Bell falls agonisingly short of 100 in his final first-class innings

Ian Bell falls agonisingly short of 100 in his final first-class innings before retirement with former England star receiving guard of honour when he went out to bat for Warwickshire

  • The 38-year-old received a guard of honour from Glamorgan players
  • Warwickshire batsman made 90 before he chopped on in Bob Willis Trophy tie
  • Bell will retire from playing at the end of season after playing for the Bears in T20

Ian Bell almost signed off from first-class cricket in the grand manner, only to be bowled for 90 by Glamorgan’s Timm van der Gugten playing for Warwickshire in the Bob Willis Trophy at Cardiff.

The 38-year-old, who had been given a guard of honour by his opponents as he emerged for his 524th and final first-class innings, had moved to within 10 of what would have been his 58th century when he chopped on. 

He will represent the Bears in the T20 Blast, and then call it a day, ending a career that brought him 118 Test caps and 7,727 runs, and 20,440 first-class runs in total at an average of 43.

Ian Bell fell agonisingly short of a fairytale ending to a memorable career on Tuesday

The 38-year-old received a guard of honour as he walked out to bat at Cardiff on Tuesday

The highlight of Bell’s career came during the 2013 Ashes, when his three hundreds were the backbone of England’s 3-0 win over the Australians, though by then he had already been a crucial part of a powerful middle order that helped England to top of the Test rankings in 2011.
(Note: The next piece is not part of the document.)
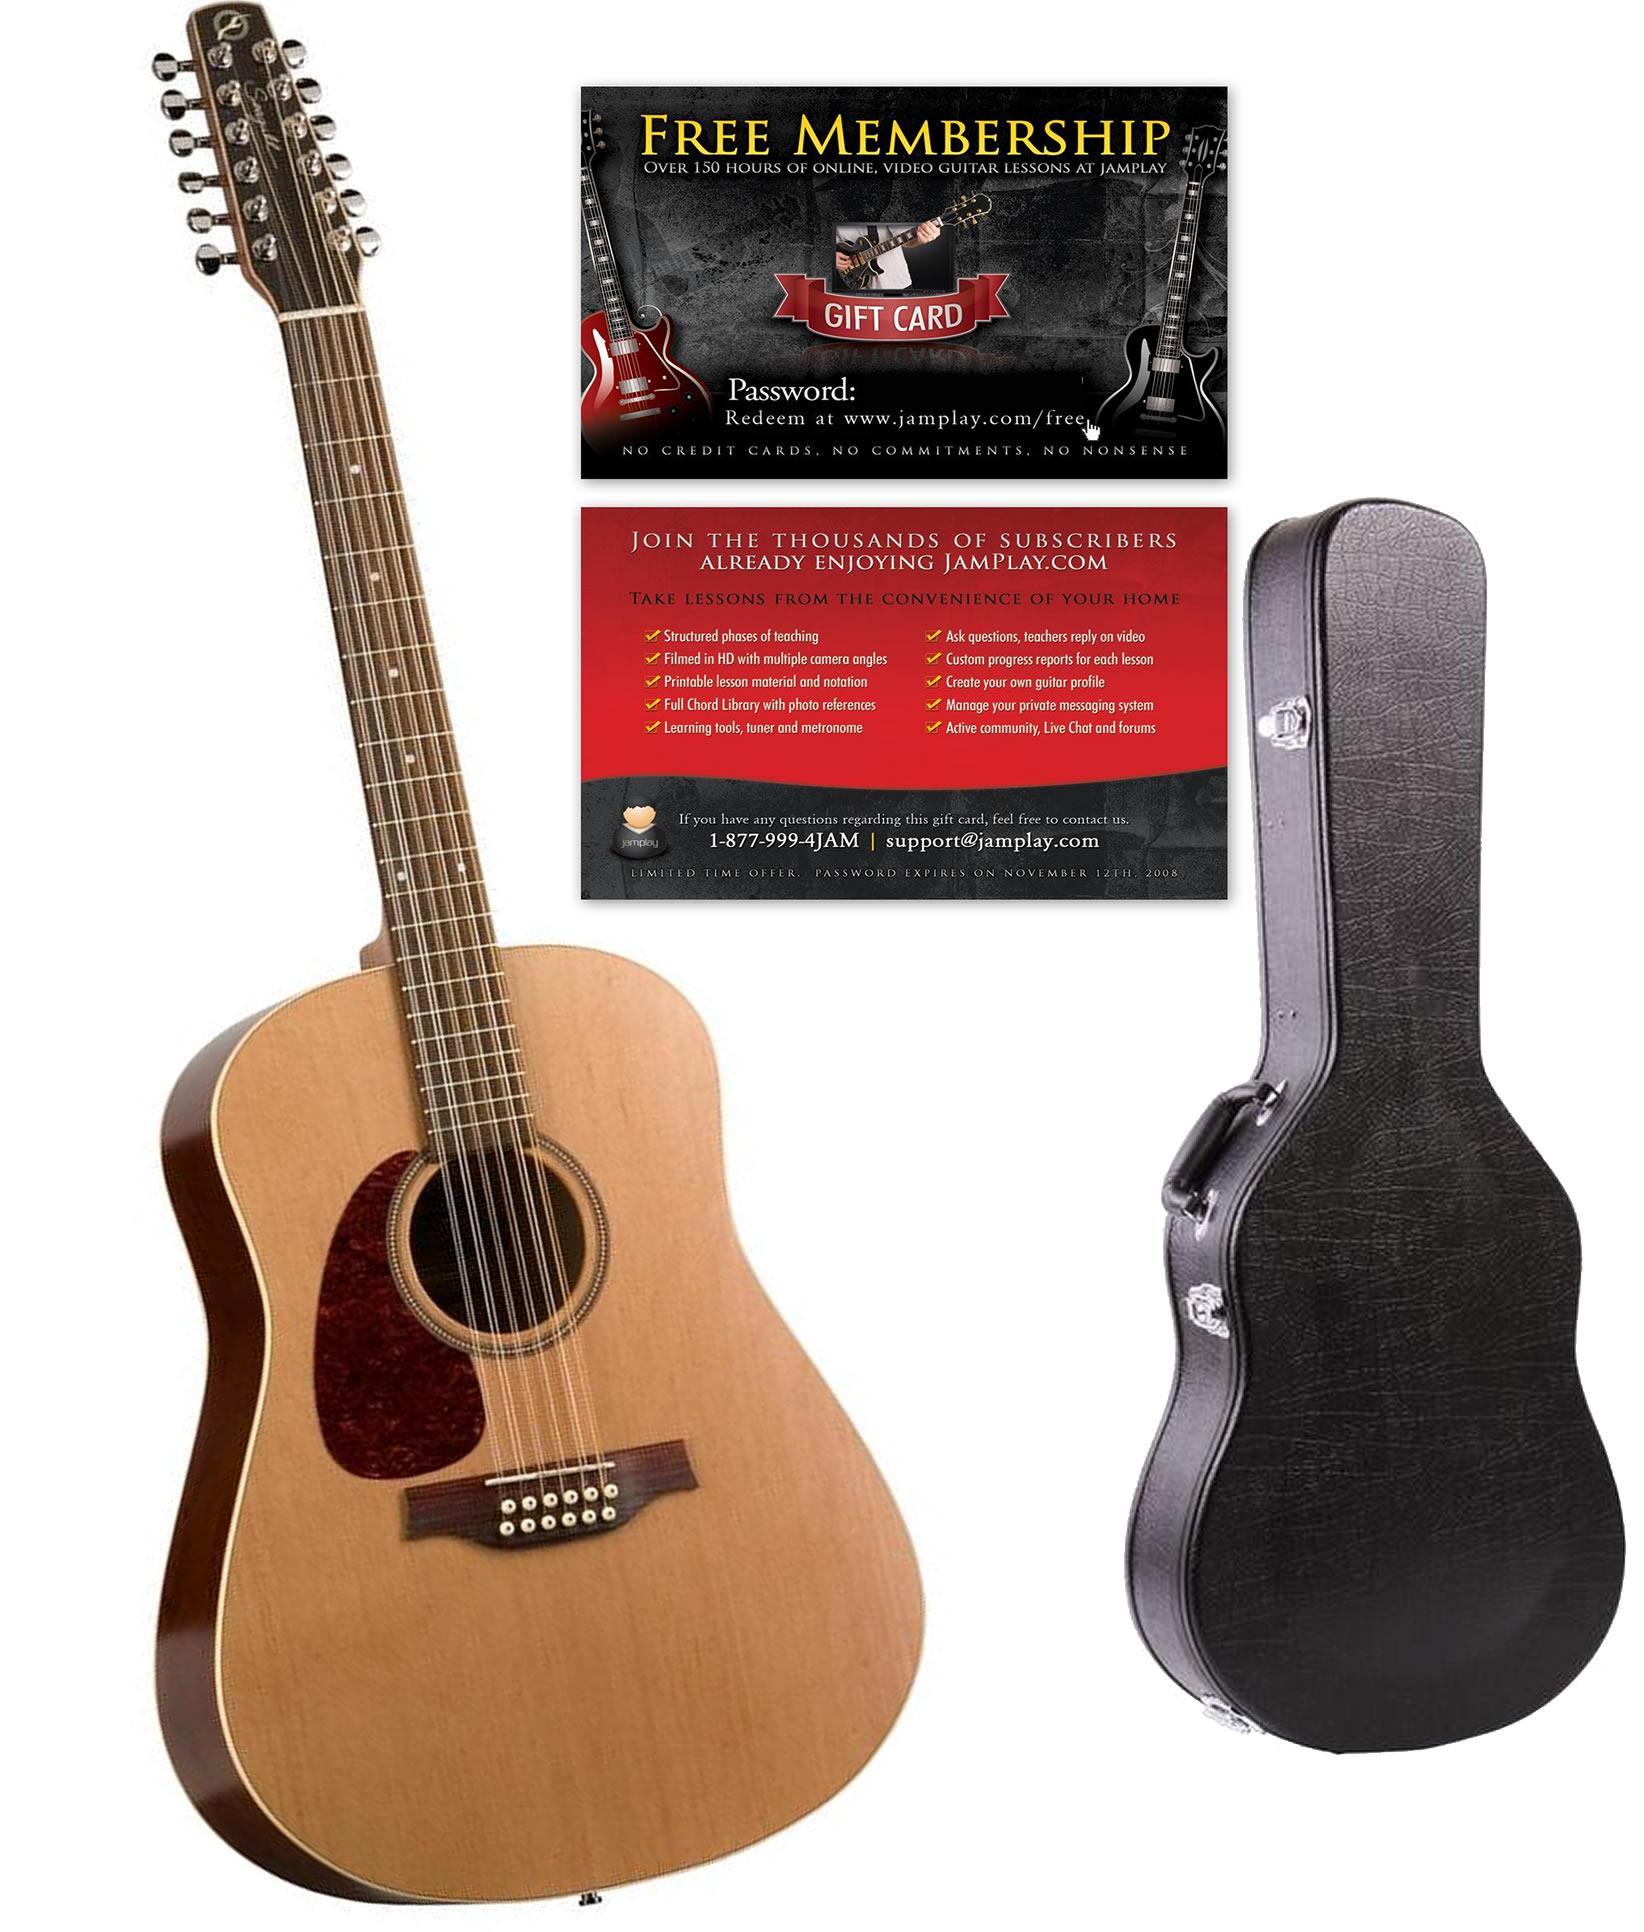 seagull coastline s12 12 string left handed acoustic guitar. Black Bedroom Furniture Sets. Home Design Ideas
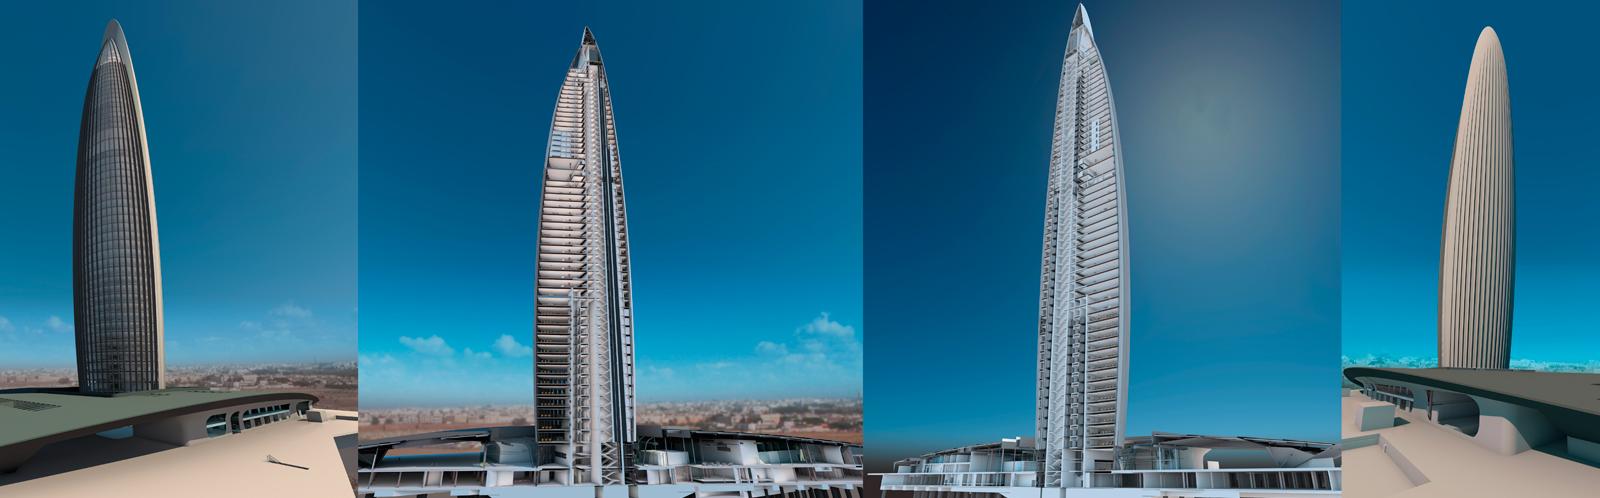 torre-rabat

He scored 22 Test hundreds in all – only Alastair Cook and Kevin Pietersen scored more for England – and played in an England-record five successful Ashes-winning series. He also appeared in 161 one-day and eight T20 internationals. 

The former England batsman will retire at the end of the 2020 domestic season.

Ex-England batsman Ian Bell announced he will retire at the end of the 2020 domestic season

The five-time Ashes winner has spent his entire career with Warwickshire and has announced his decision to call time on his playing days when the Bears wrap up their commitments this season.

‘It’s true when they say you know when the time’s right, and unfortunately, my time is now,’ the 38-year-old said in a statement.

‘While my hunger and enthusiasm for the sport that I love remain as strong as ever, my body simply can’t keep up with the demands of the game to the standard of which I expect of myself.’

He was part of England’s 2005 Ashes winning side and went on to win the urn four more times

Bell will perhaps be best remembered by England fans for being part of the side which reclaimed the Ashes in 2005, but he would lift the urn on four further occasions during a Test career which yielded 7,727 runs and 22 centuries.

He won 118 Test caps in total, while he played in 161 one-day internationals and eight T20 internationals.

Across his first-class career Bell has scored 20,300 runs at 43.46, with 57 hundreds. 

The 38-year-old has admitted that he will step away from the game due to his advancing age

He made his Test debut in 2004, an impressive 70 against the West Indies showing signs of what was to come, and the runs rarely dried up.

The 2005 Ashes success was followed by the 2009 regaining, 2010 defence and further wins in 2013 and 2015.